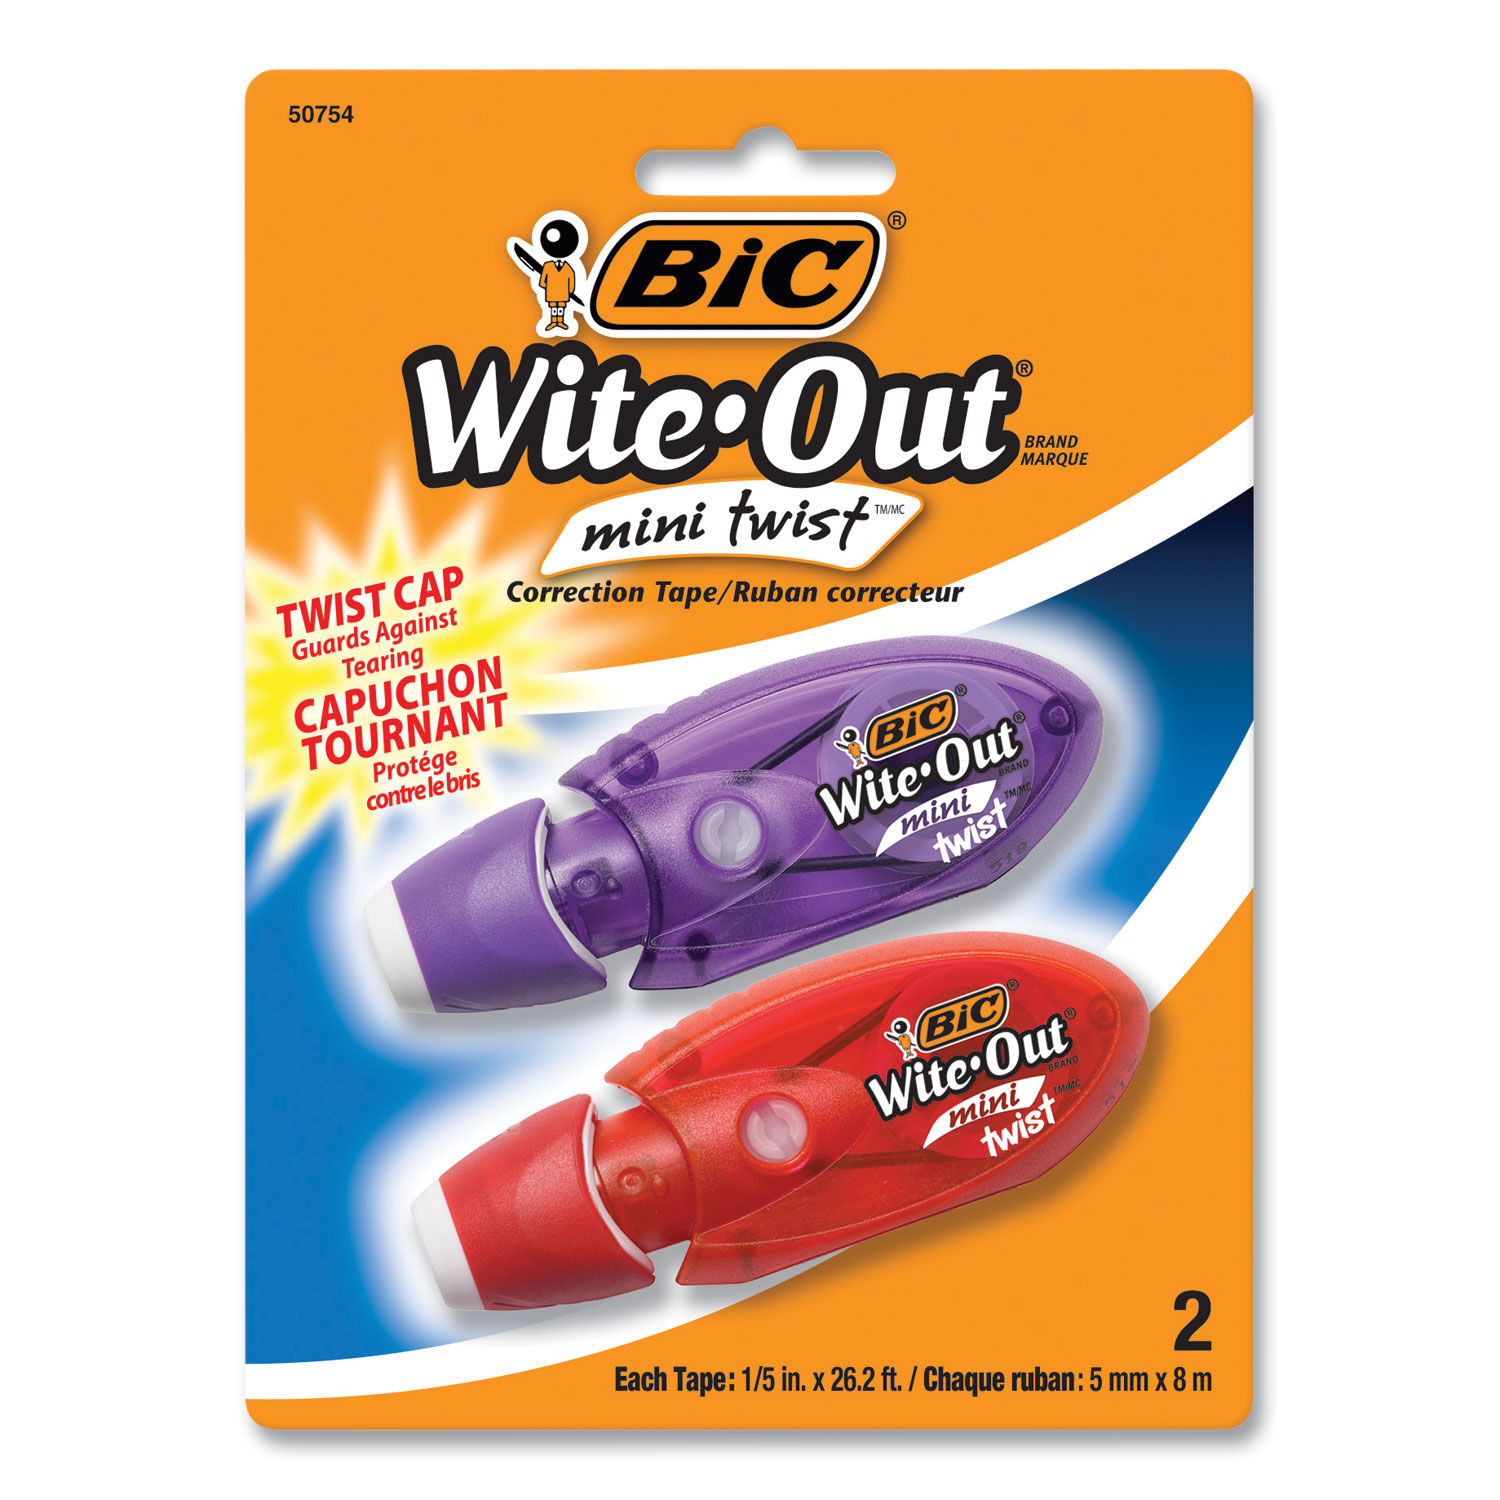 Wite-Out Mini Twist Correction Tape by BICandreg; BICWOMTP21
==
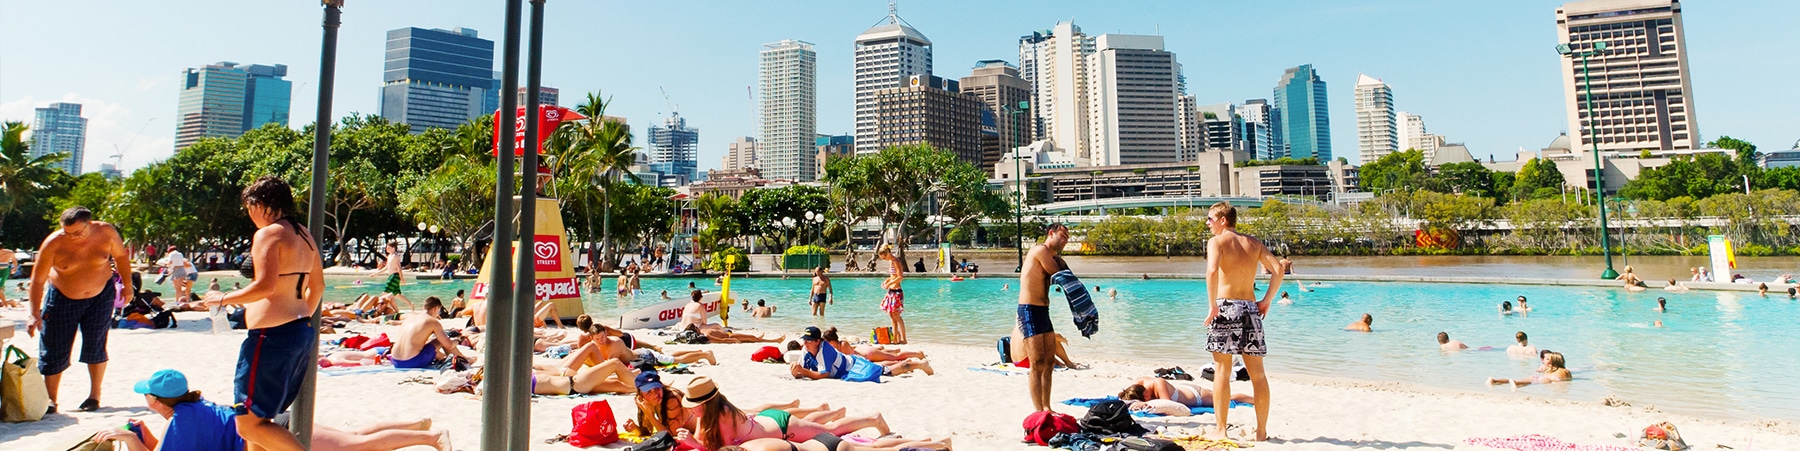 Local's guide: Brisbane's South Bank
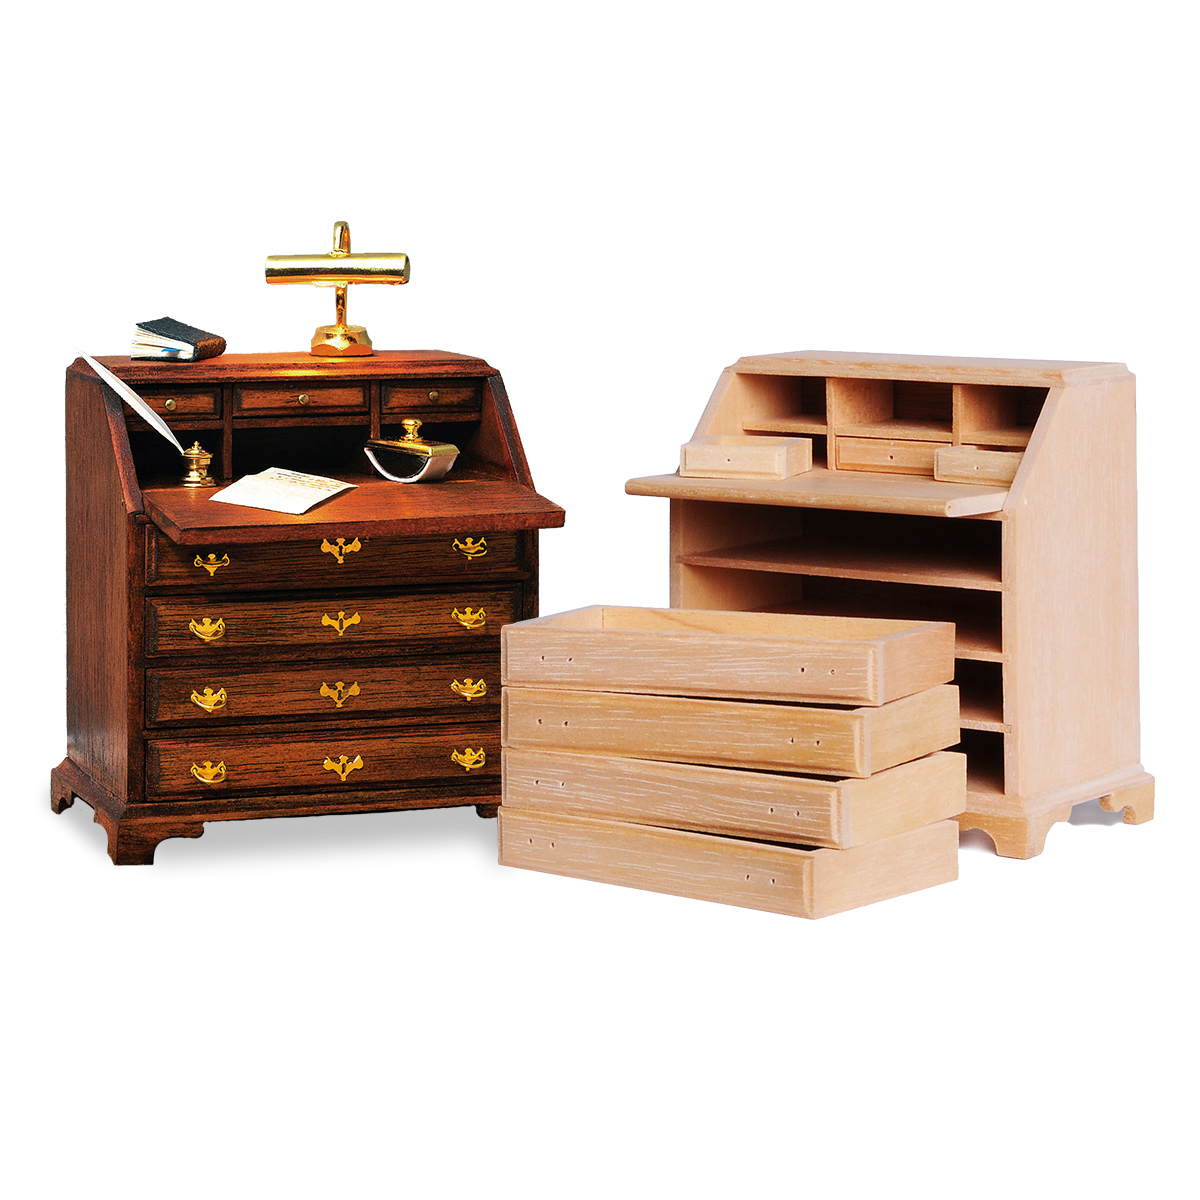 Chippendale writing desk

REQUIREMENT: From the listing above, repeat only the lines between the line containing "Local's guide: Brisbane's South Bank" and the line containing "Chippendale writing desk", those two included. Pictures are not part of the copy.

OUTPUT OF THE TASK:
 Local's guide: Brisbane's South Bank
 Chippendale writing desk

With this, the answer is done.